Wednesday, September 10, 2014

New Hampshire Senate Race Benefits from Outside Money



RNLA campaign finance blogger Paul Jossey has an opinion piece in the Daily Caller arguing how “outside” money has benefited the voters in the New Hampshire Senate race. Jossey argues outside groups, whatever their ideologies and even those who are involved in the race for cynical or disingenuous reasons provide voters valuable information about the candidates.

Outside money provides three main benefits: (i.) it neutralizes the enormous advantages of incumbency; (ii.) it encourages a better-informed citizenry by enabling outside groups to directly engage adversaries in ways a campaign may not be able (or want) to; and (iii.) it allows all interested parties to speak about political campaigns on their own terms, uncensored by control-freak candidate consultants.

In the case of New Hampshire, the incumbent Jeanne Shaheen has all the advantages of incumbency, including name recognition, paid staff in local offices helping constituents for the last six years, and a built-in donor base.

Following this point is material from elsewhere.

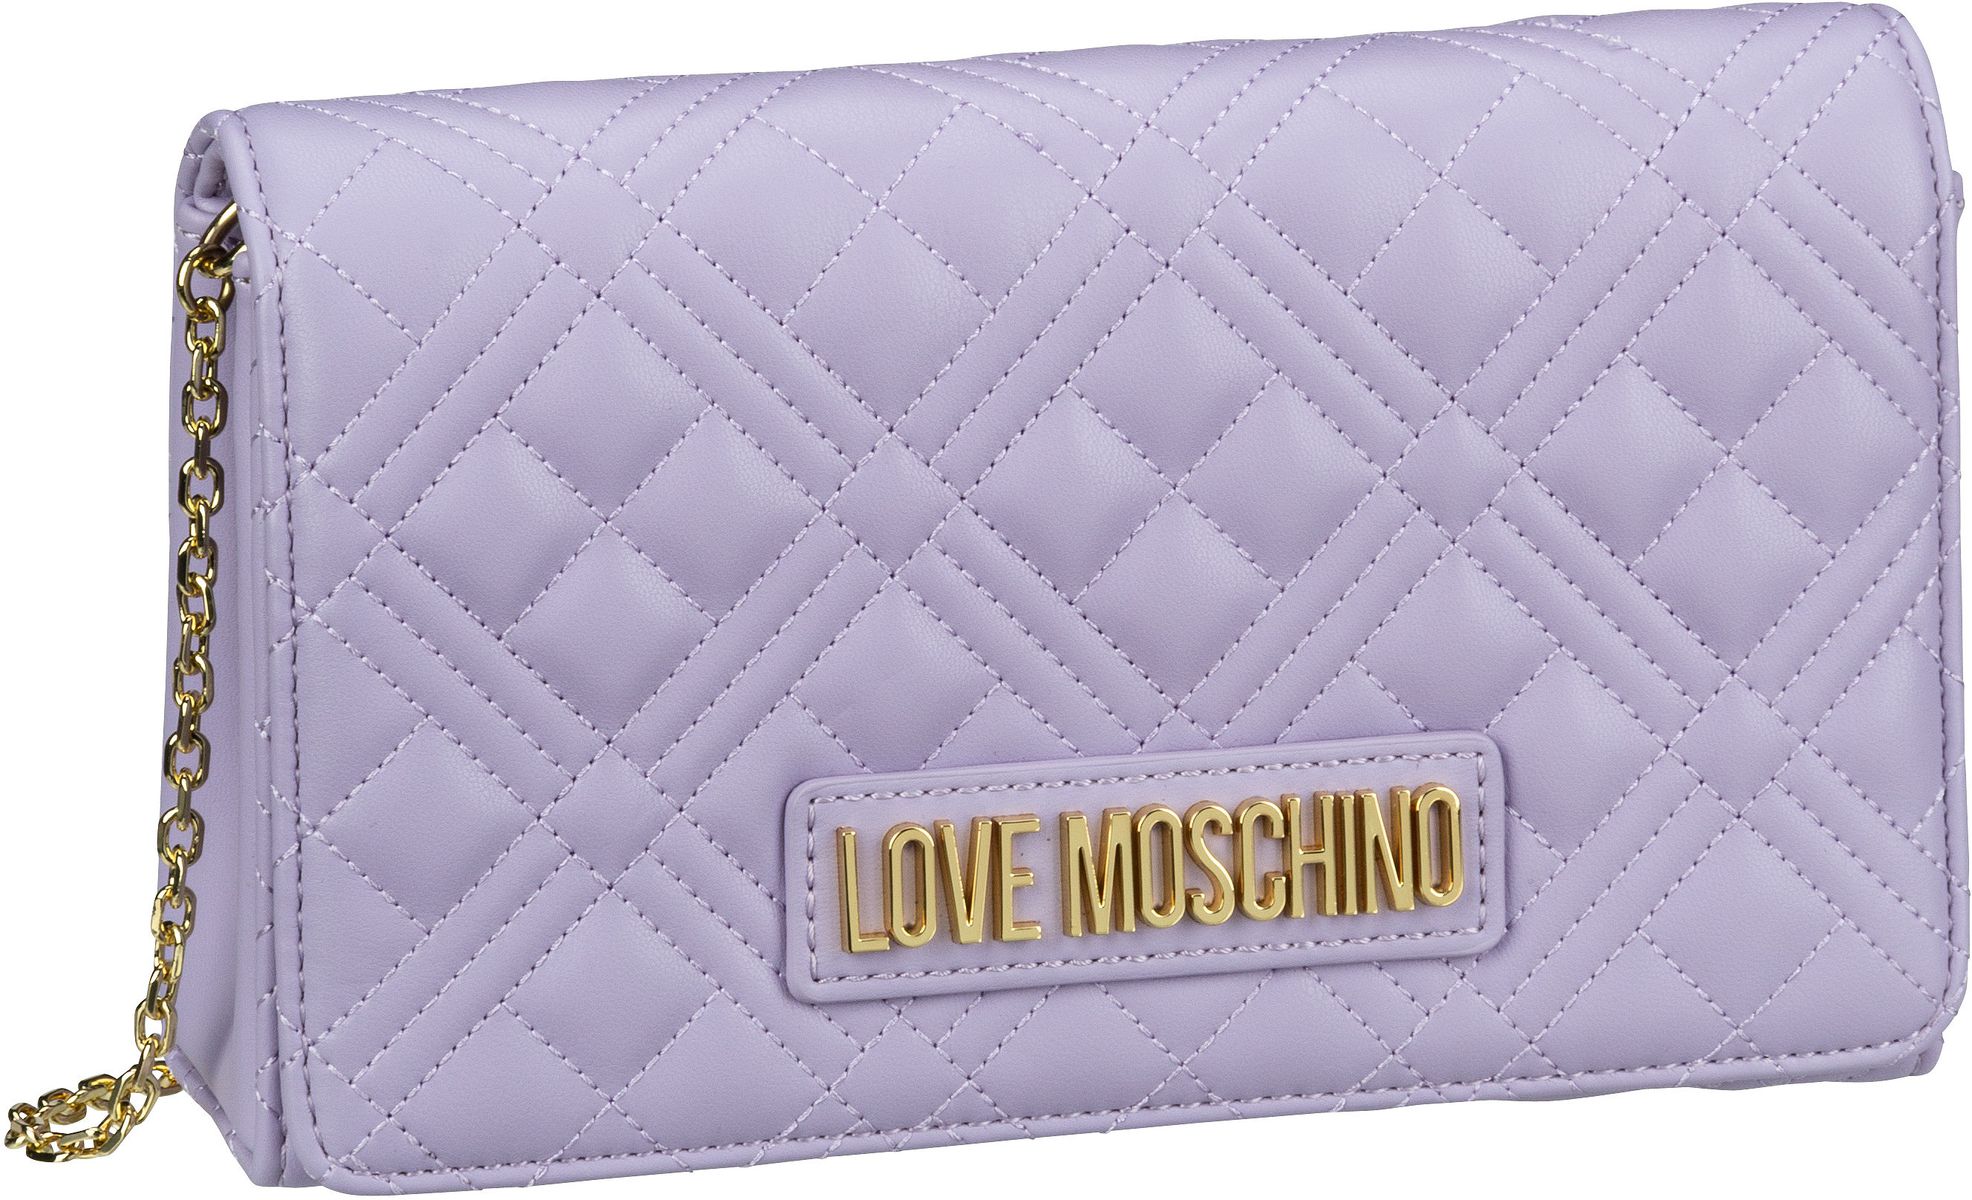 Love Moschino Umhängetasche Evening Bag 4079 Lilac (1.7 Liter)  - Onlineshop Taschenkaufhaus

Outside money allows allies of Republican Scott Brown to counter this advertising on issues specifically to target her weaknesses e.g. her party’s very unpopular president and Granite State angst about the border situation.

This outside money benefits democracy by allowing a multitude of voices into the political marketplace to compete for voter attention. This is true even if those spending the money are using the political stage to cynically promote their own issues. Larry Lessig’s Mayday PAC is one such group. Mayday PAC is purportedly supporting Jim Rubens, but it has no desire to actually see him win, as a staffer readily admitted.

Mayday PAC’s main goal is to support its founder Harvard Professor Larry Lessig and to damage Scott Brown for not taking the “People’s Pledge” as he had previously in Massachusetts.

But that experience didn’t live up to the hype reformers had hoped. The race got nasty and was very expensive. The only real benefit came to campaign consultants who were better able to control the messages.

Instead of the staid, scripted Massachusetts campaign, New Hampshire voters are being treated to a multitude of voices who all get their chance to persuade. It may be messy, ugly, and even cynical, but democracy is better for it.